Anatomy of Containers, Part III: What's root, really?

In part one and part two, we ran our implementation of containers with root privileges. Despite all the isolation provided by namespaces and cgroups, the process is still running as root on the host. This is an issue because some things by their nature cannot be isolated by namespaces or cgroups. This includes kernel configurations, loading/unloading kernel modules, and system-wide settings like the real-time clock ( CLOCK_REALTIME). A containerized process running as root can modify these settings, affecting the host and all other containers and processes.
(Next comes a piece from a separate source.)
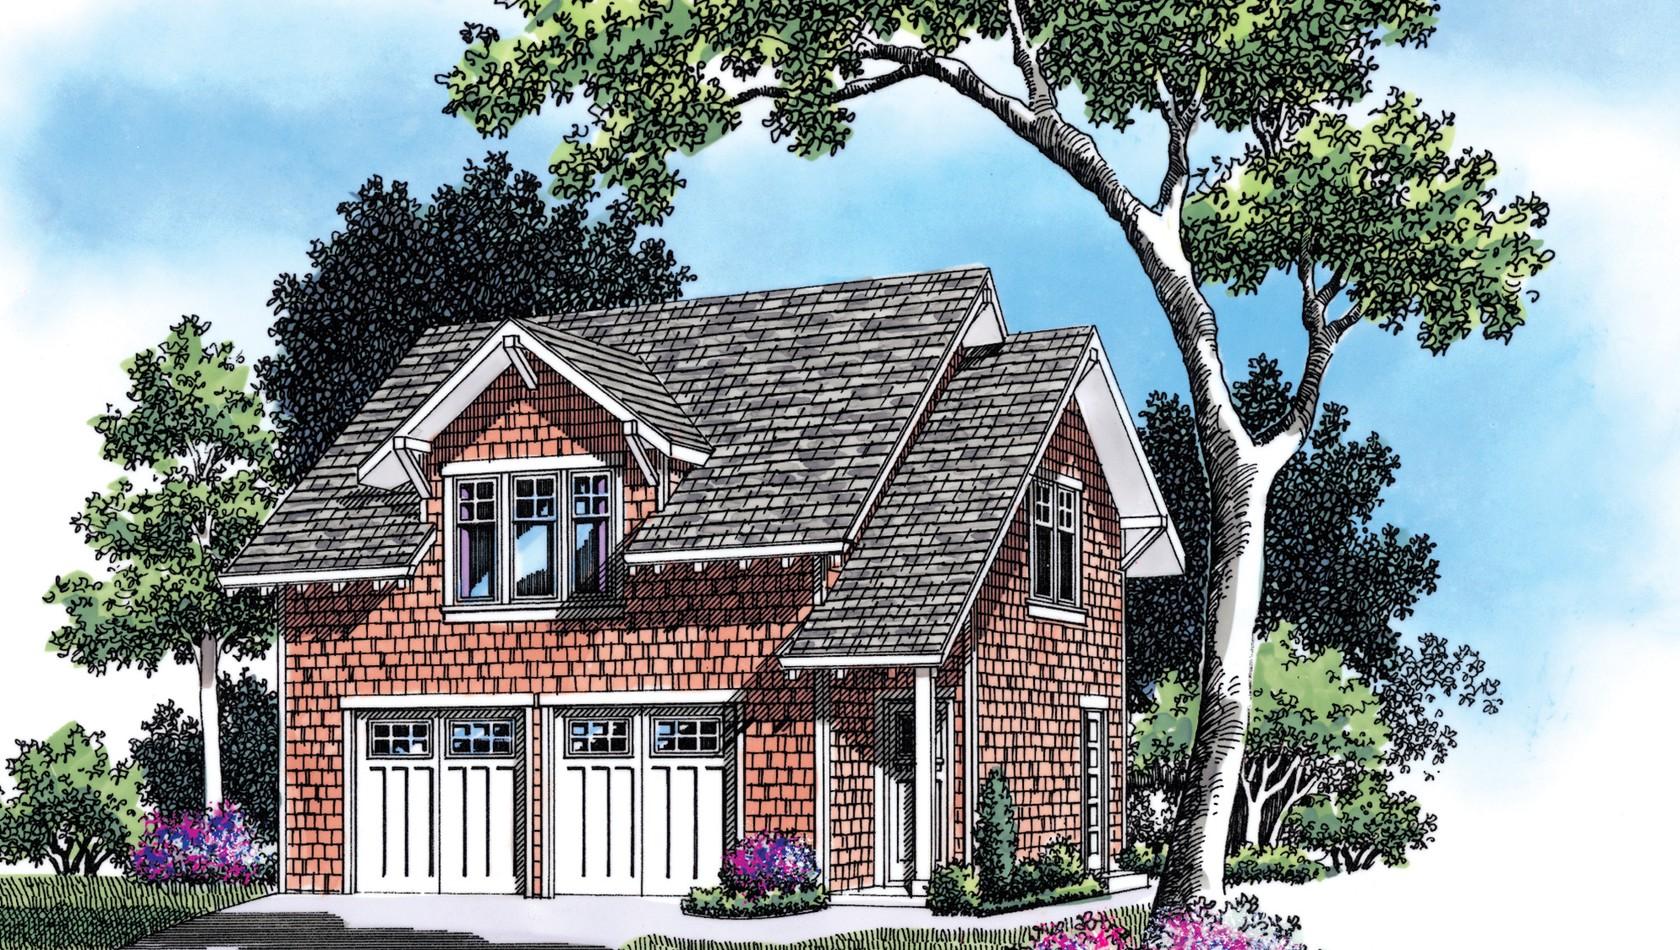 Mascord House Plan 5011: The Arthur

To handle this, Linux provides a few tools. Let’s start with understanding what root access really means.

Capabilities

I always assumed root was a binary state; either you are root, or you are not. However, Linux breaks down the privileges of root into smaller sets called capabilities. Each capability allows a process to perform some specific privileged operation. For example, loading kernel modules requires CAP_SYS_MODULE, configuring network interfaces needs CAP_NET_ADMIN, and binding to low-numbered ports (like 80 or 443) needs CAP_NET_BIND_SERVICE. These capabilities are associated with the current process and can be inherited by child processes. You can view the capabilities of all running processes using pscap (from the libcap-ng-utils package) or by checking the CapEff field in /proc/[pid]/status (note: it’s a hexadecimal bitmask).

Interestingly, capabilities can also be applied to files using setcap, allowing non-root users to execute them with specific elevated privileges without granting full root access! For example, if we check the capabilities of the ping binary using getcap $(which ping), we can see that it has the CAP_NET_RAW capability. The capabilities of a process are divided into four sets:

Permitted: The capabilities that the process can use.
Effective: The capabilities that are currently active for the process.
Inheritable: The capabilities that can be inherited by child processes.
Bounding: The maximum set of capabilities that the process and its children can have.

Let’s try this ourselves by dropping the capability to change the system time (CAP_SYS_TIME) from our container.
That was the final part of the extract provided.